His Current Areas of Research are Field-based high-Throughput phenotyping using advanced imaging techniques (drone remote sensing and ground based observation), image analysis and machine learning approaches.
- Ground monitoring with multiple Field Server system in AgriBigData project - APAN42-AgWG-Fukatsu.pdf
Tokihiro Fukatsu, NARO
[fukatsu AT affrc.go.jp]
It is important for smart agriculture to collect field data. Field Server system with a high-resolution camera module can collect a large amount of image data for constructing agricultural big data (AgriBigData) to extract useful information. However, there are some bottlenecks to manage the system in practical fields. Now we have deployed the system including a new robotic Field Server in AgriBigData project field. Through the experience of the experiment, we clear up next issues to be solved for constructing a stable data collection in agricultural field.

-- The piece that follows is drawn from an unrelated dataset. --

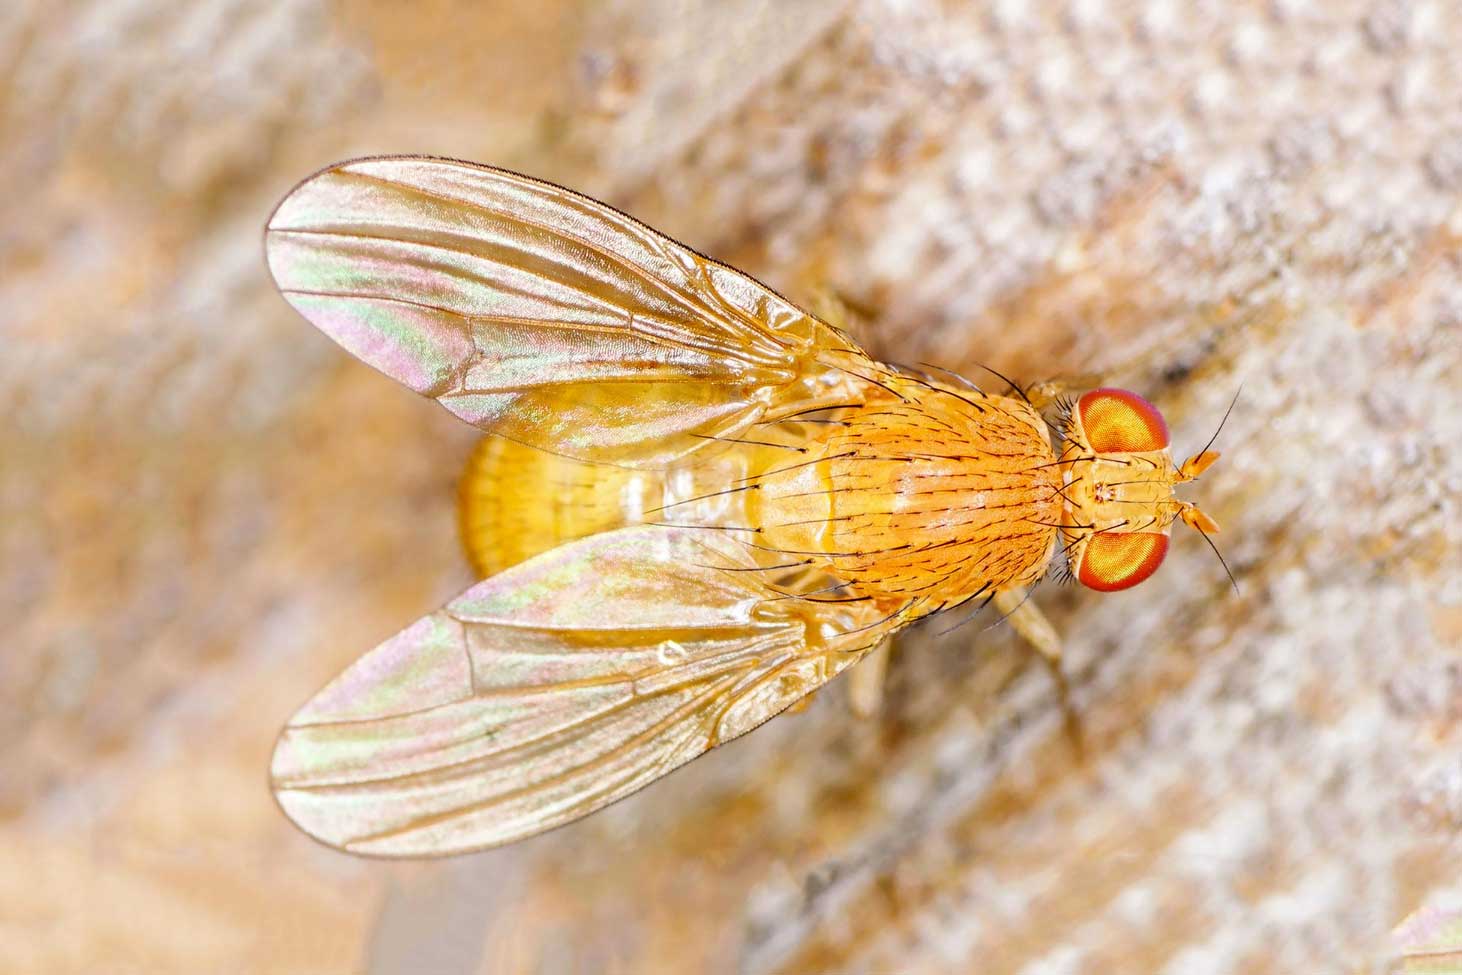 Macro shot of a golden Common fruit fly Drosophila melanogaster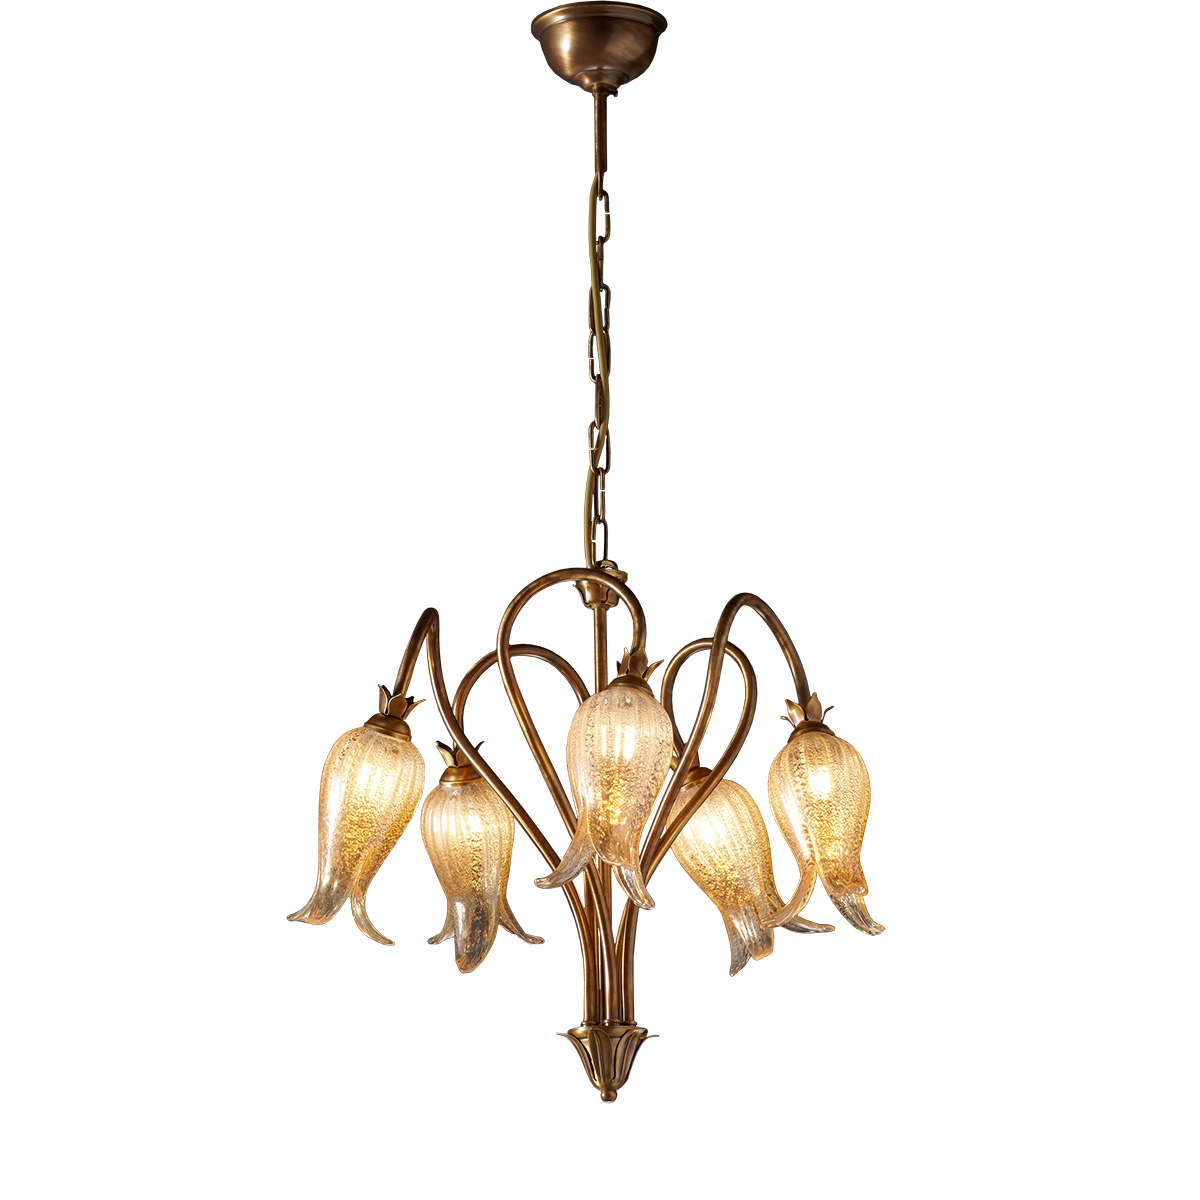 Κλασικό 5φωτο κρεμαστό φωτιστικό ΖΗΡΕΙΑ classic 5-bulb chandelier

Tokihiro Fukatsu has been working at National Agriculture and Food Research Organization. He received a doctorate in advanced agricultural technology & sciences. His main research is agricultural field monitoring with sensor network, image data, and robot system. He has developed Field Server, image monitoring system and robotic Field Server. Wearable system, agent system and robotics & mechatronics is also his interest research.